**Task goal:**
With the pictures left out, retype exactly the lines below starting at the line that contains "803x1657 Descargar Png" and ending at the line that contains "Due Starcom spazio".

**Source data:**
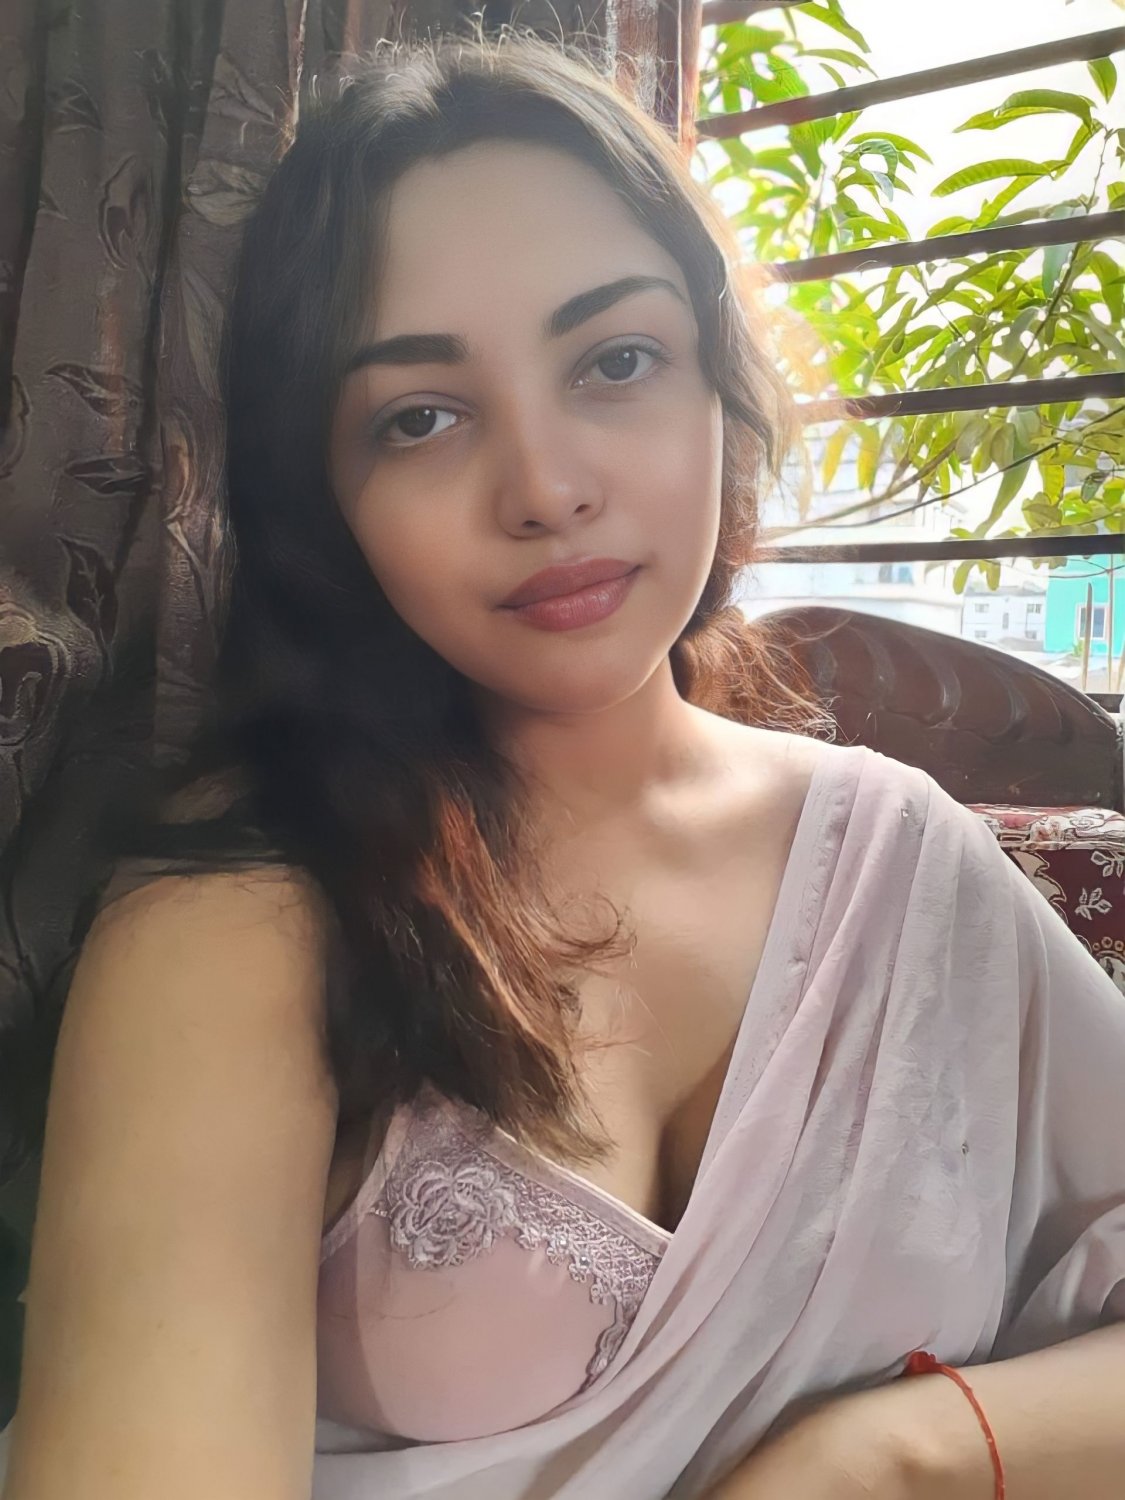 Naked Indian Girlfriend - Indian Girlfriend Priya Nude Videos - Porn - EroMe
* * *
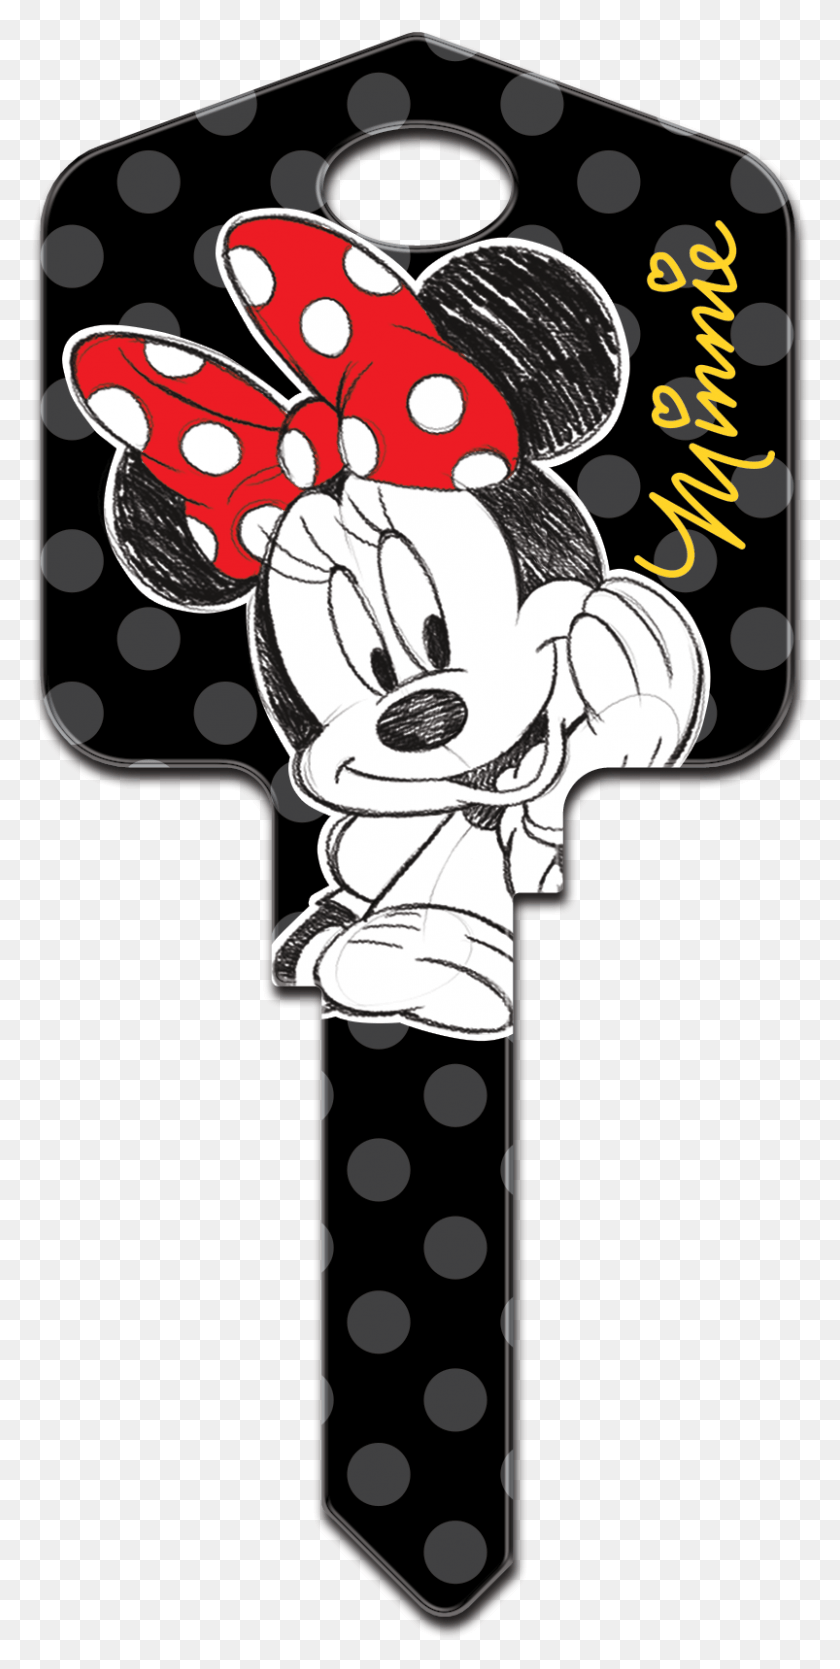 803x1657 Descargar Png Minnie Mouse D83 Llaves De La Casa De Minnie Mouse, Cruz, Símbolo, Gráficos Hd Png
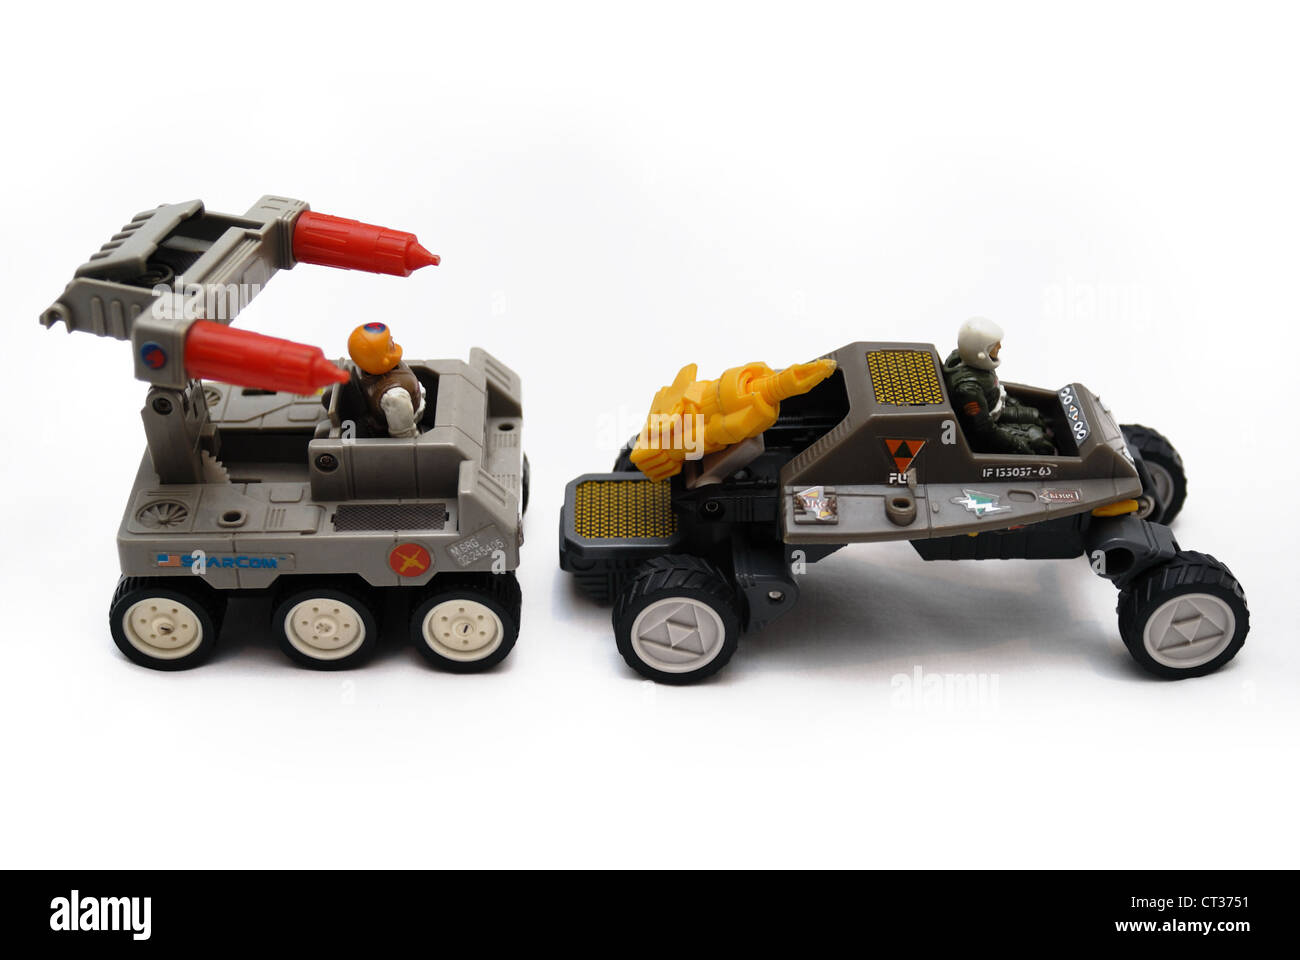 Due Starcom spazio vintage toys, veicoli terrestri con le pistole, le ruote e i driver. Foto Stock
--
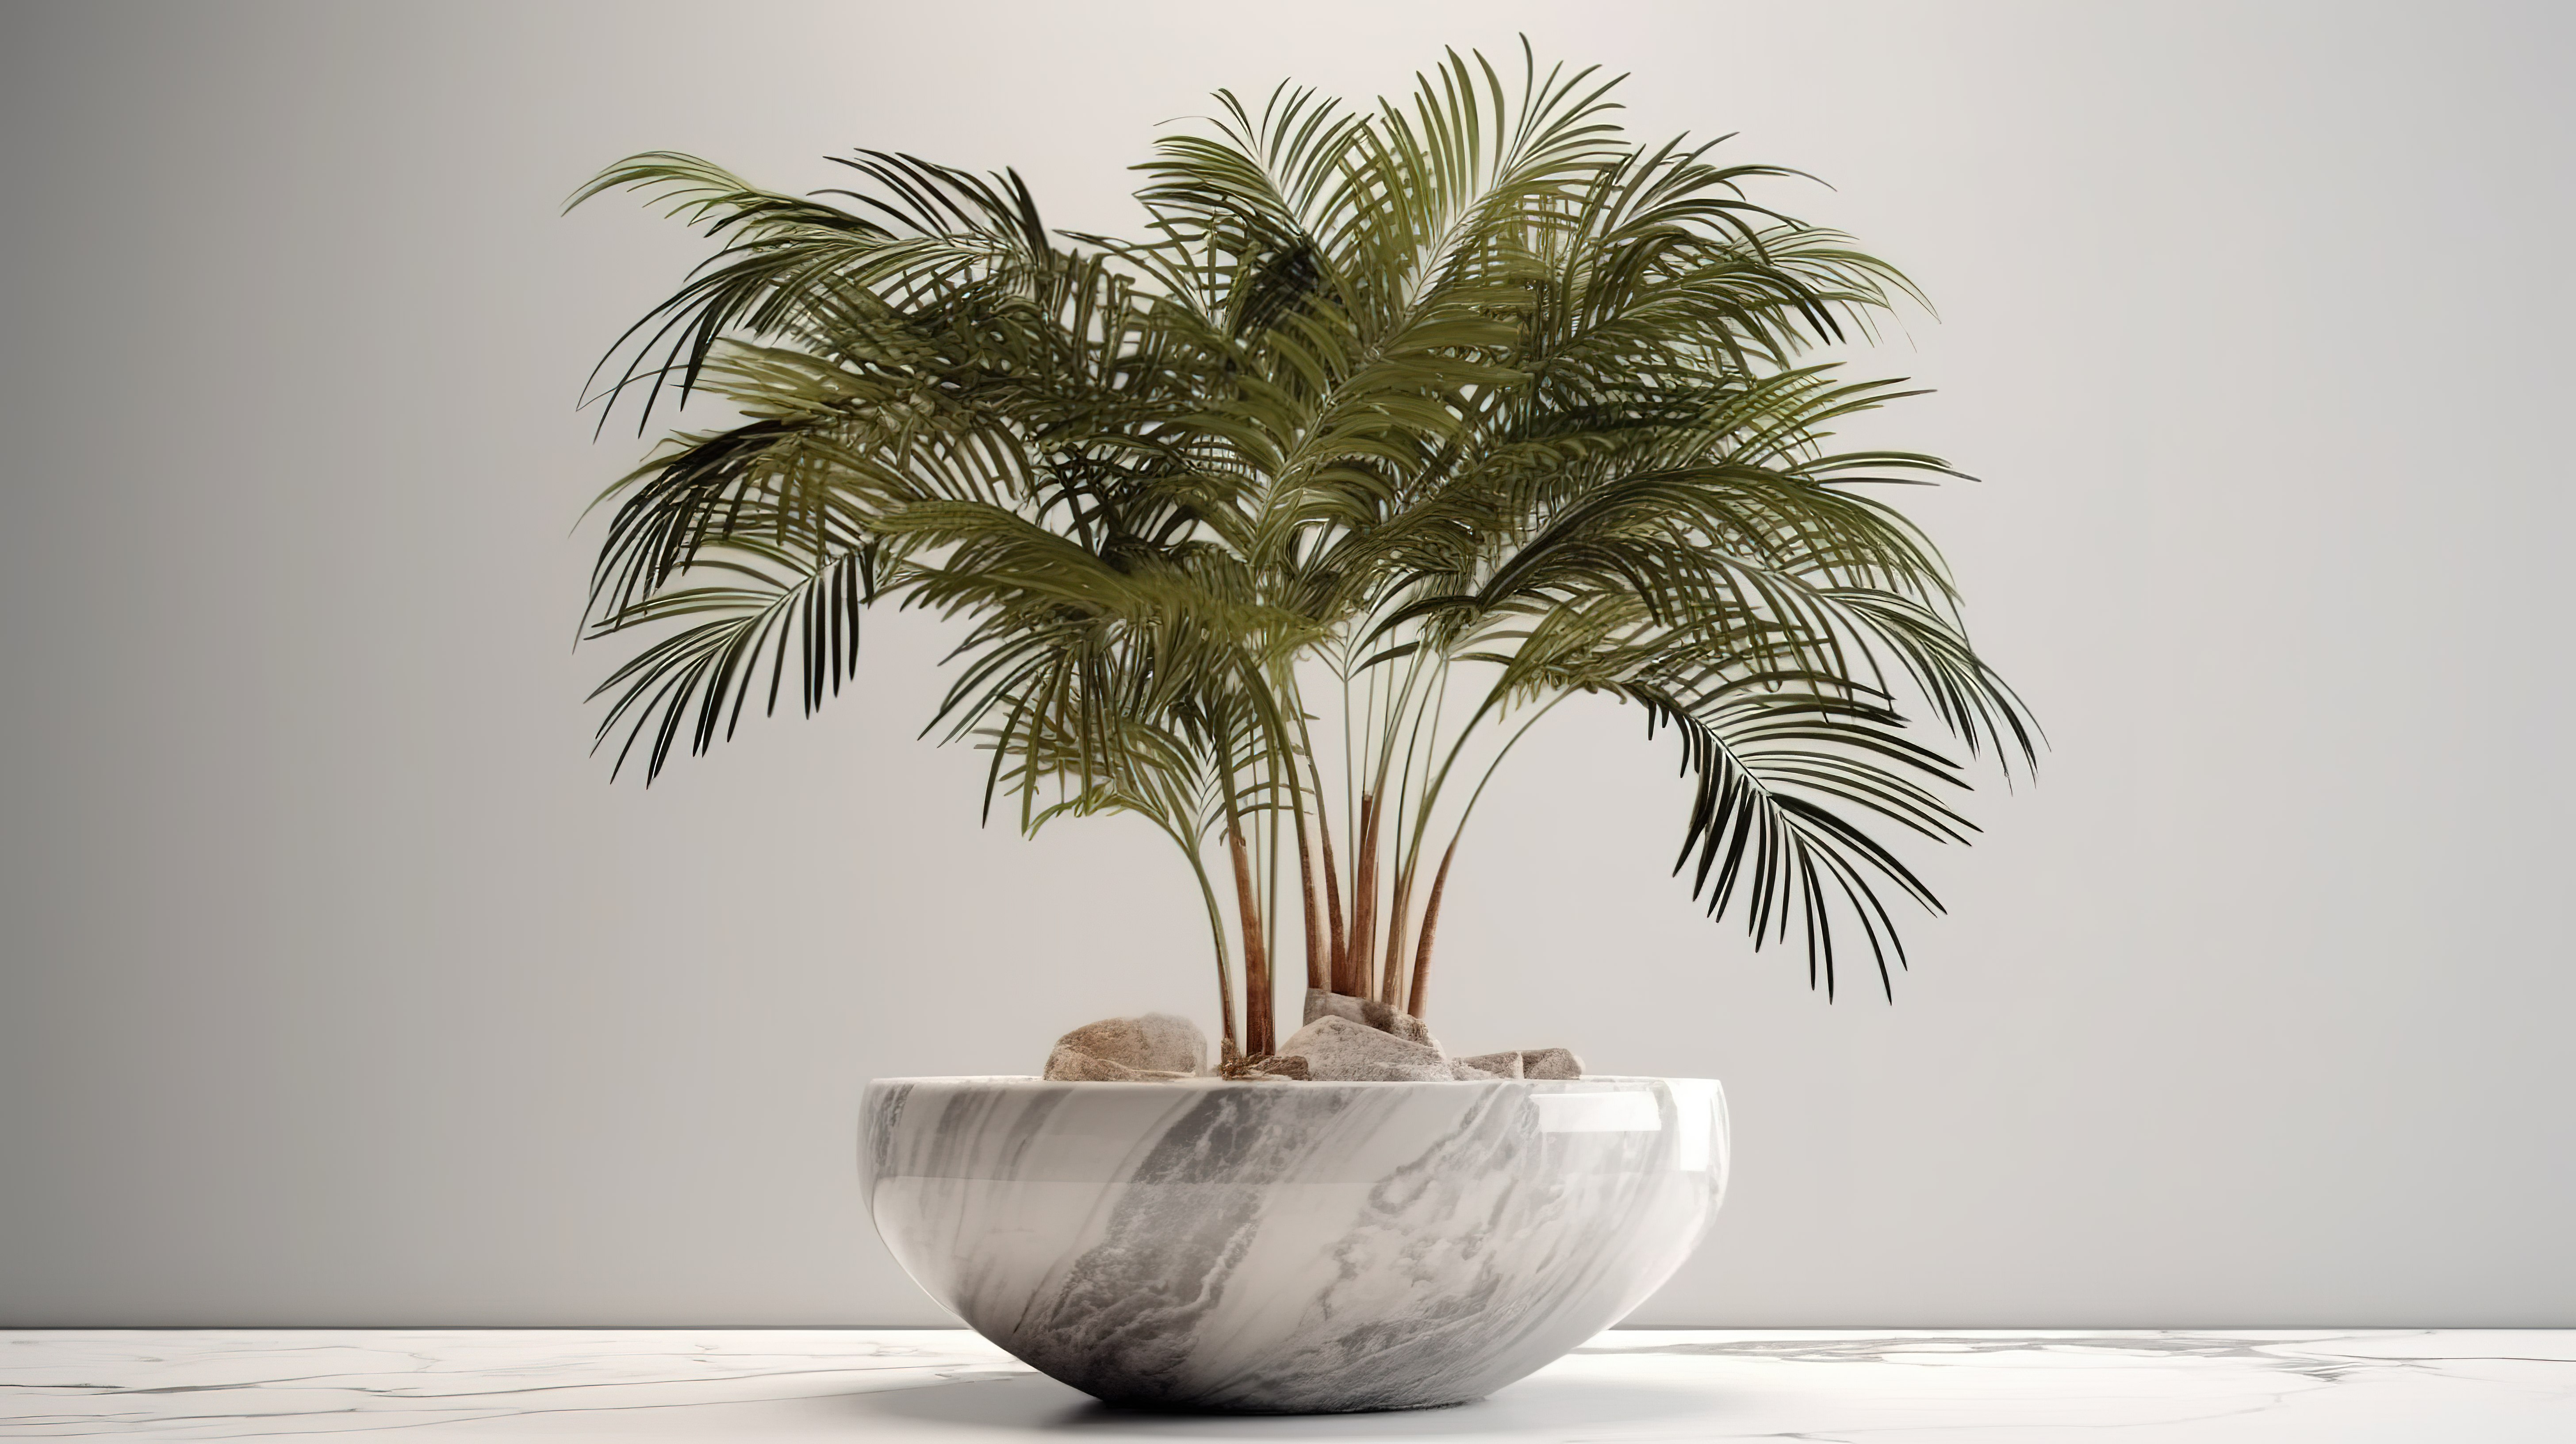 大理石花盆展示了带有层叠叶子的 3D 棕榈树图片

**Exercise solution:**
 803x1657 Descargar Png Minnie Mouse D83 Llaves De La Casa De Minnie Mouse, Cruz, Símbolo, Gráficos Hd Png
 Due Starcom spazio vintage toys, veicoli terrestri con le pistole, le ruote e i driver. Foto Stock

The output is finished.